The link to this dataset is: https://www.kaggle.com/deepmatrix/imdb-5000-movie-dataset
The dataset has just one CSV file, called 'movie_metadata.csv'
The dataset already existed in a CSV file. This python code (fetchdata.py) just reads all the tuples of the CSV file, segregates it and saves the entire information in 2 new files (data-line.csv & data-hist.csv). The important cleaning of the data is being taken care by linechart.py and histogram.py
Input
Takes the respective CSV files as input.
1.1 Before accessing the file it checks for the existence of the CSV files
Cleaning
Selects the required columns, and cleans data accordingly. (Calling 'clean' function)
2.1 Selecting required information (columns) of all the rows led to buggy data in some rows. This happened because of existence of ',' in the data, and the row information is being split by ',' which causes the columns to shift
2.2 The column inputs of every row are checked logically, before the row is added to the clean data
2.3 This 'clean' function returns a list of lists and the count of the rows before cleaning.
2.4 The program displays the number of buggy rows deleted after cleaning, in both the programs.
Analysis
After this, both the files have different ways of analysing the data.
- linechart.py is cleaning for 'director_name', 'genres', 'title_year', 'imdb_score' and analysing count of movie releases from 1916 to 2016, which is the oldest and the latest year of movie releases in the data.

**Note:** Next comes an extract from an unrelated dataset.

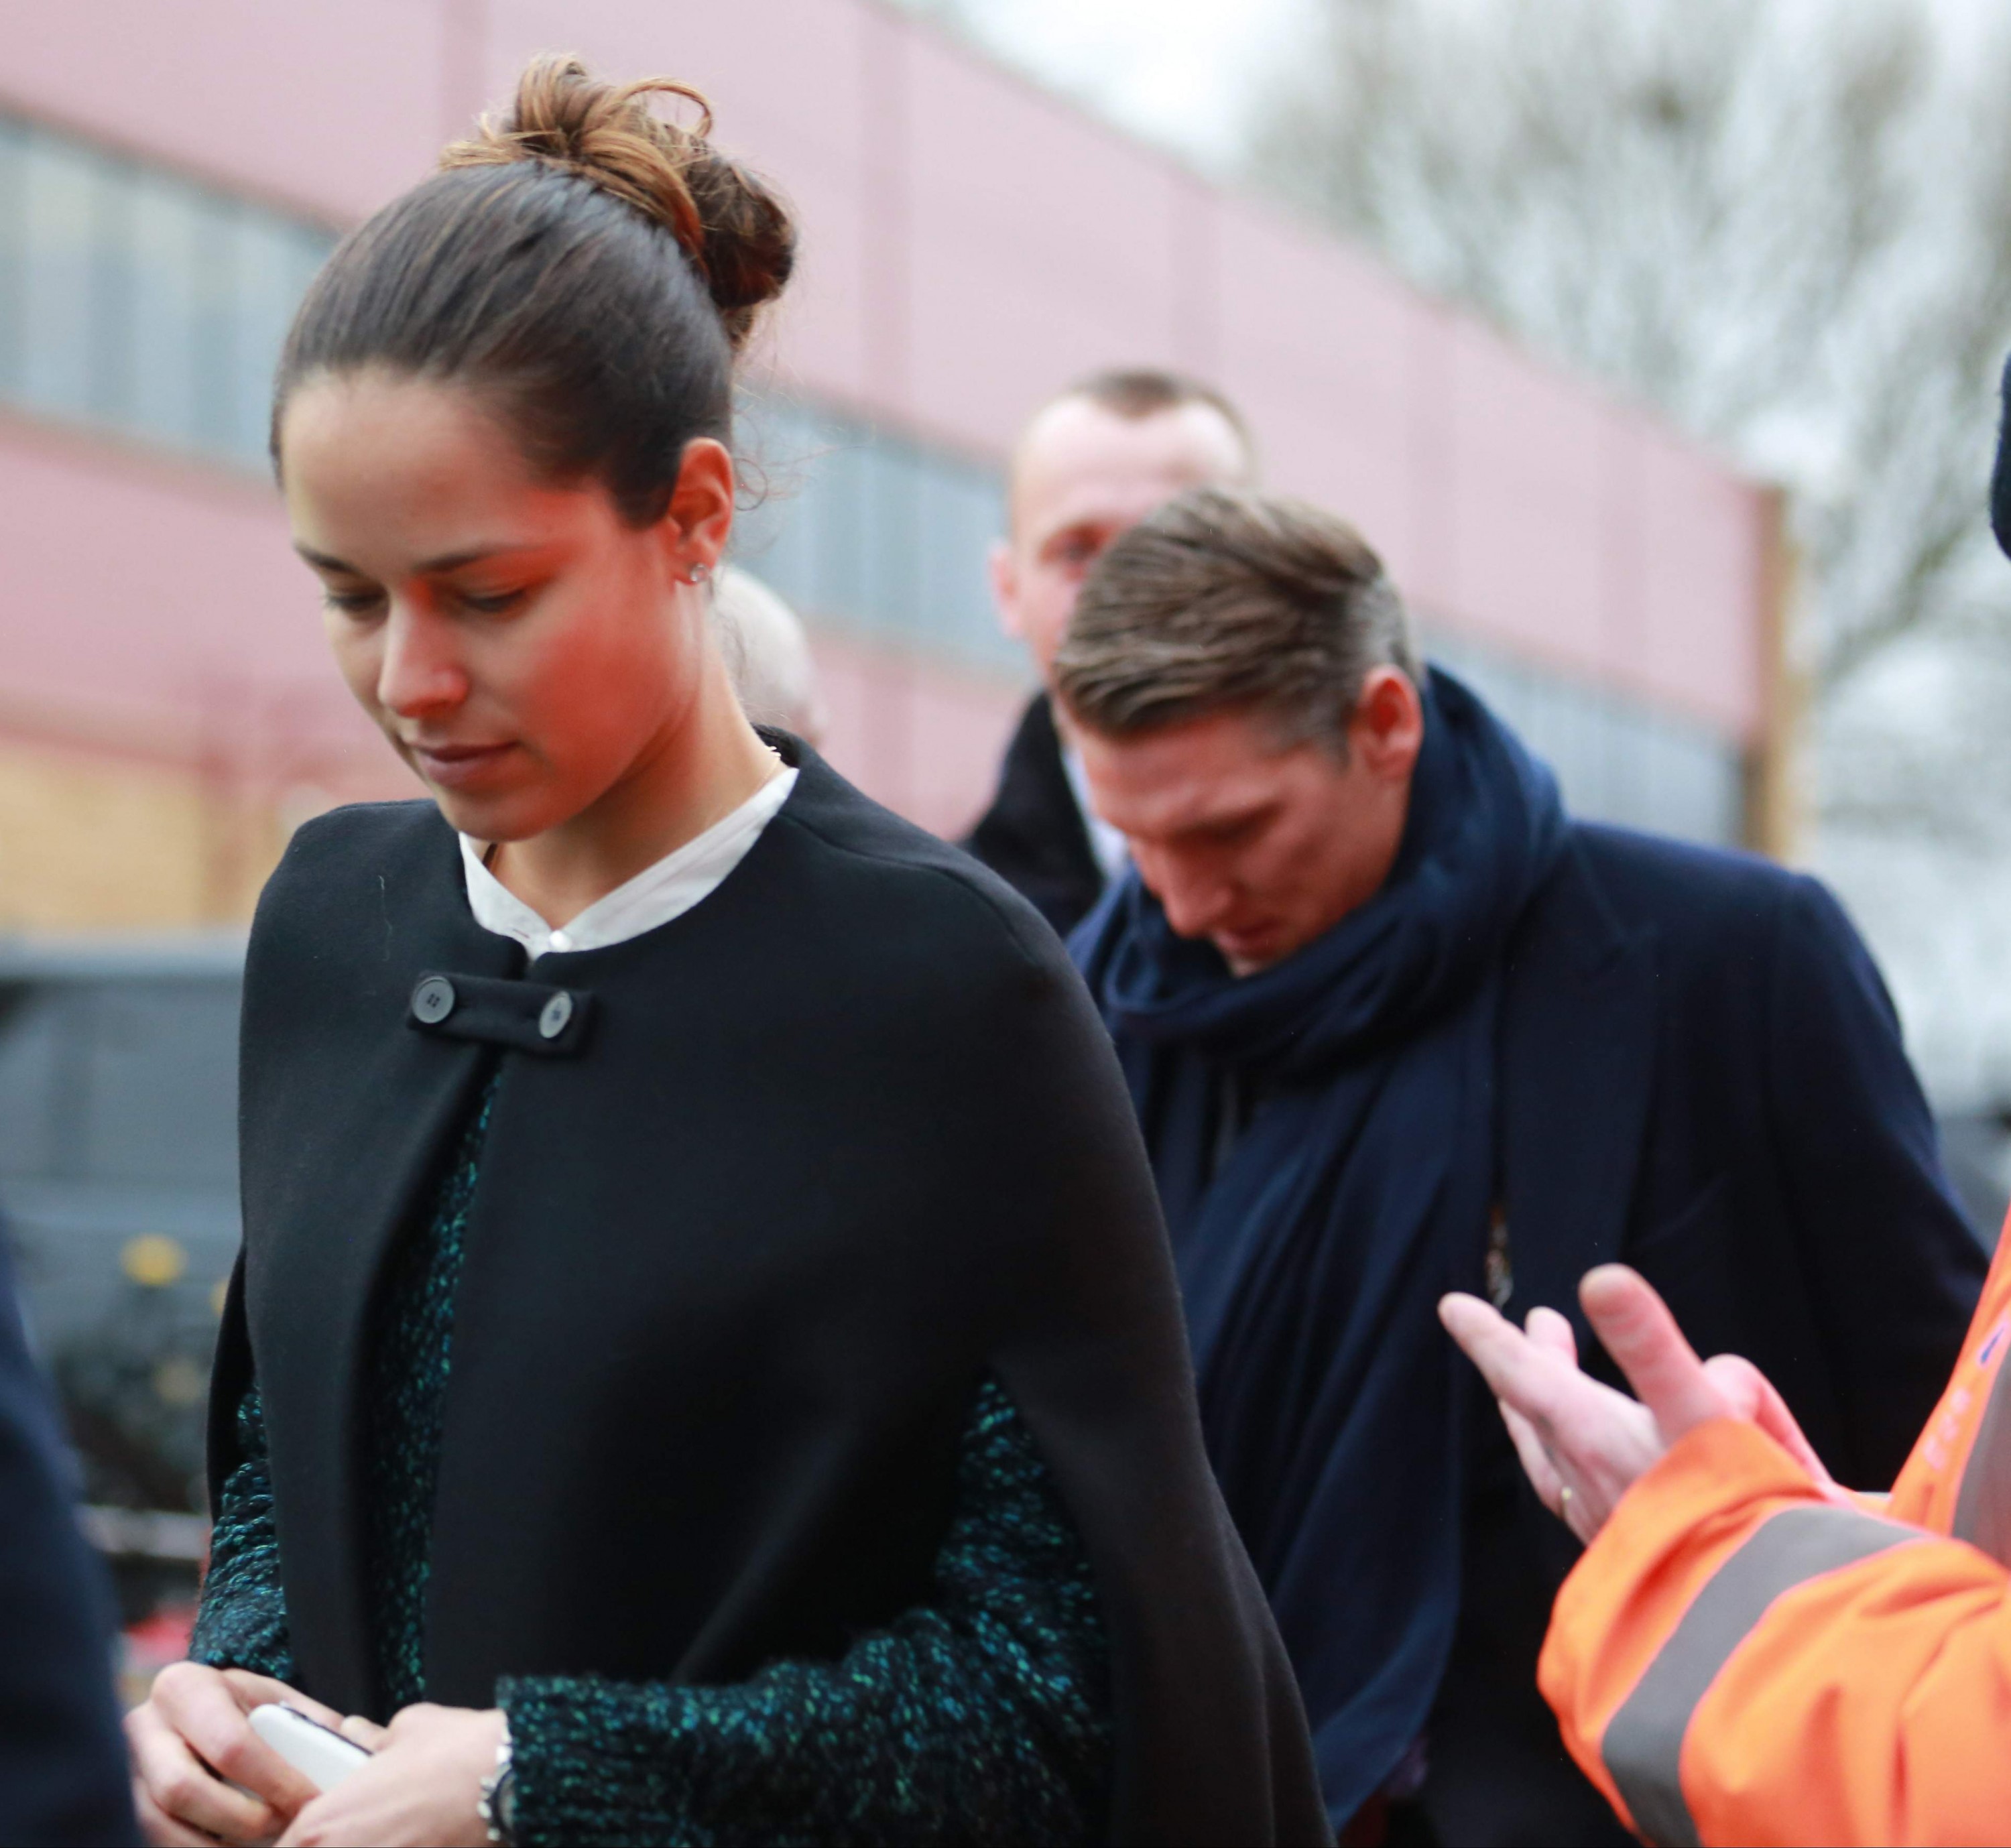 Ana Ivanovic and Bastian Schweinsteiger - Seen at Old Trafford in Manchester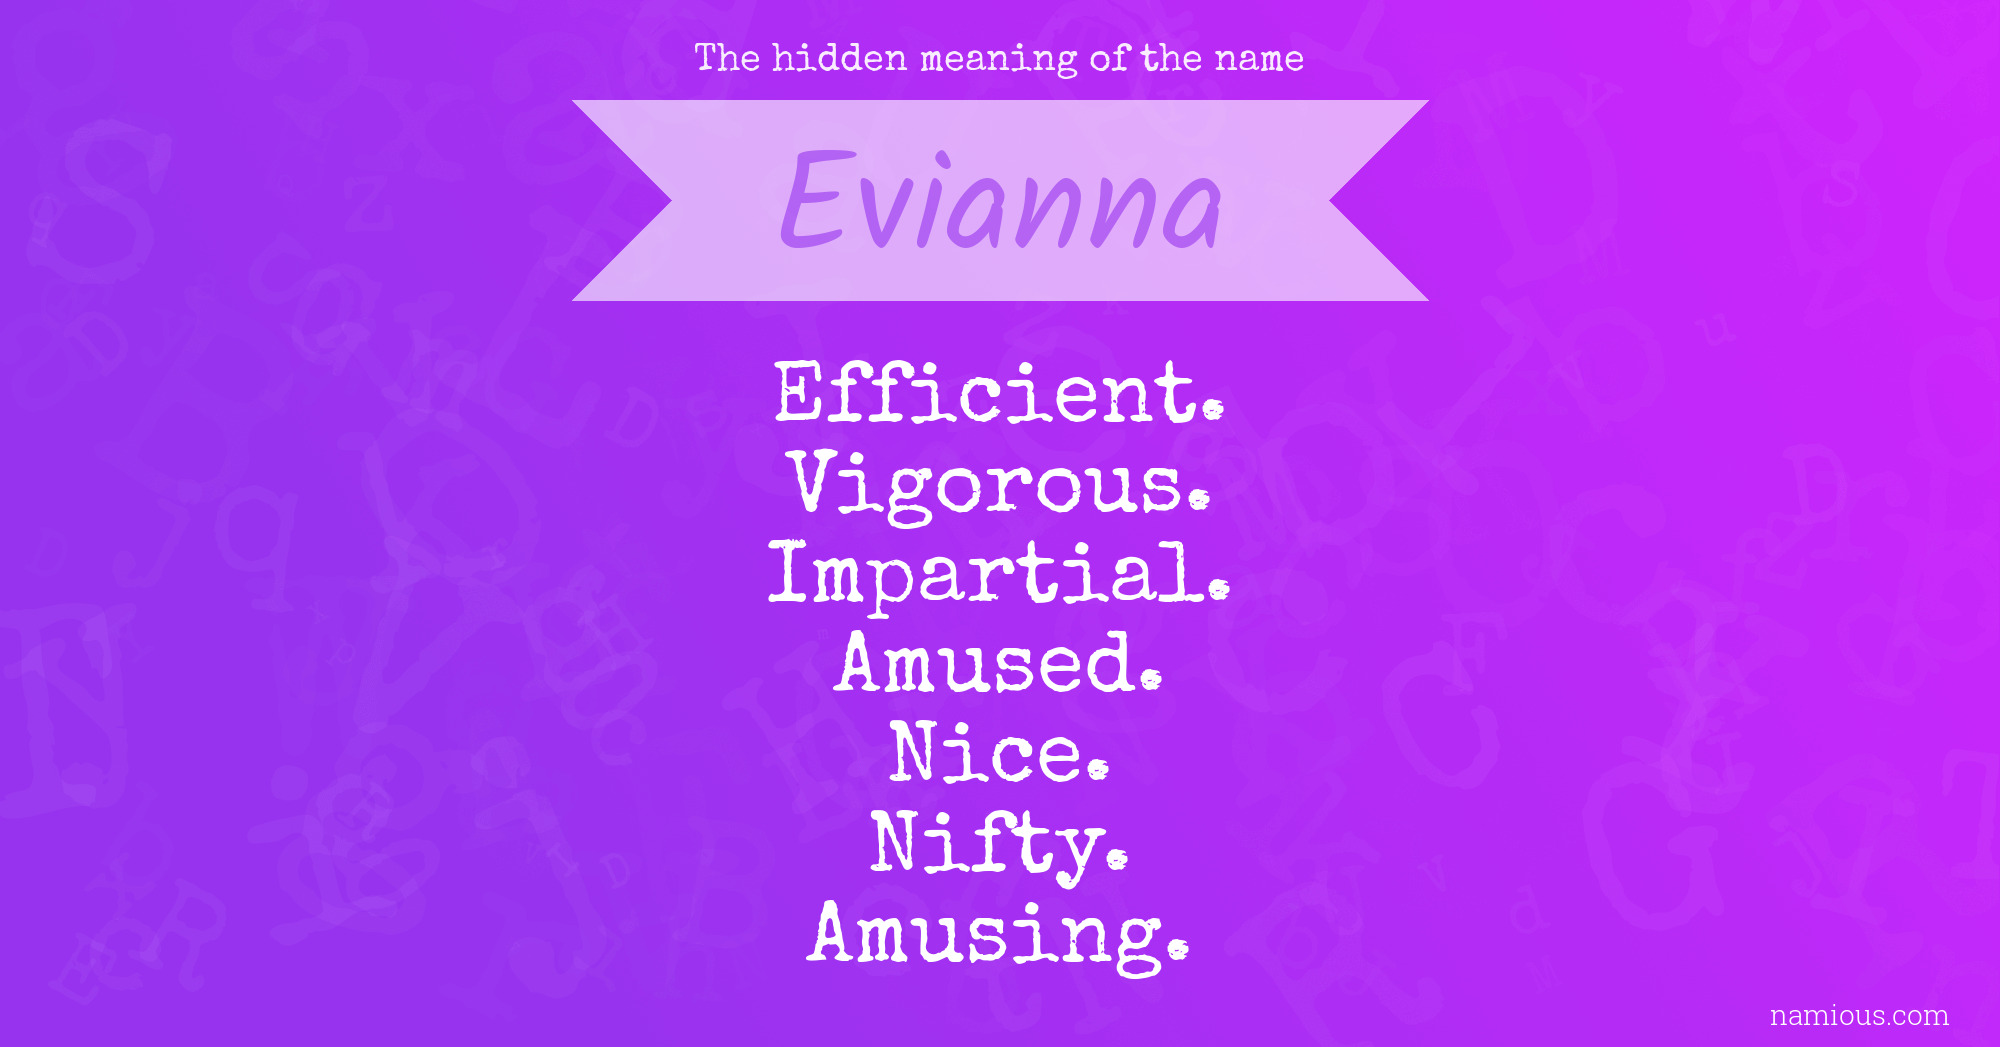 The hidden meaning of the name Evianna

- histogram.py is cleaning for 'title_year', 'num_critic_for_reviews', 'num_user_for_reviews', 'director_facebook_likes' and analysing the frequency of number of critic reviews, number of user reviews and number of facebook likes for director.
Visualization
The plotting of linechart is by matplotlib.pyplot.plot and plotting of histogram is by matplotlib.pyplot.hist
Visualization Files generated by linechart.py:
linechart.png (Number of movie releases / Per Year)
linechart1.png (Number of movie releases / Per 4 Years)
linechart2.png (Number of movie releases / Per 5 Years)
linechart3.png (Number of movie releases / Per 10 Years)
linechart4.png (Number of movie releases / Per 20 Years)
Visualization Files generated by histogram.py:
histogram.png (Frequency / Number of Critic Reviews)
histogram1.png (Frequency / Number of User Reviews)
histogram2.png (Frequency / Number of Director Facebook Likes)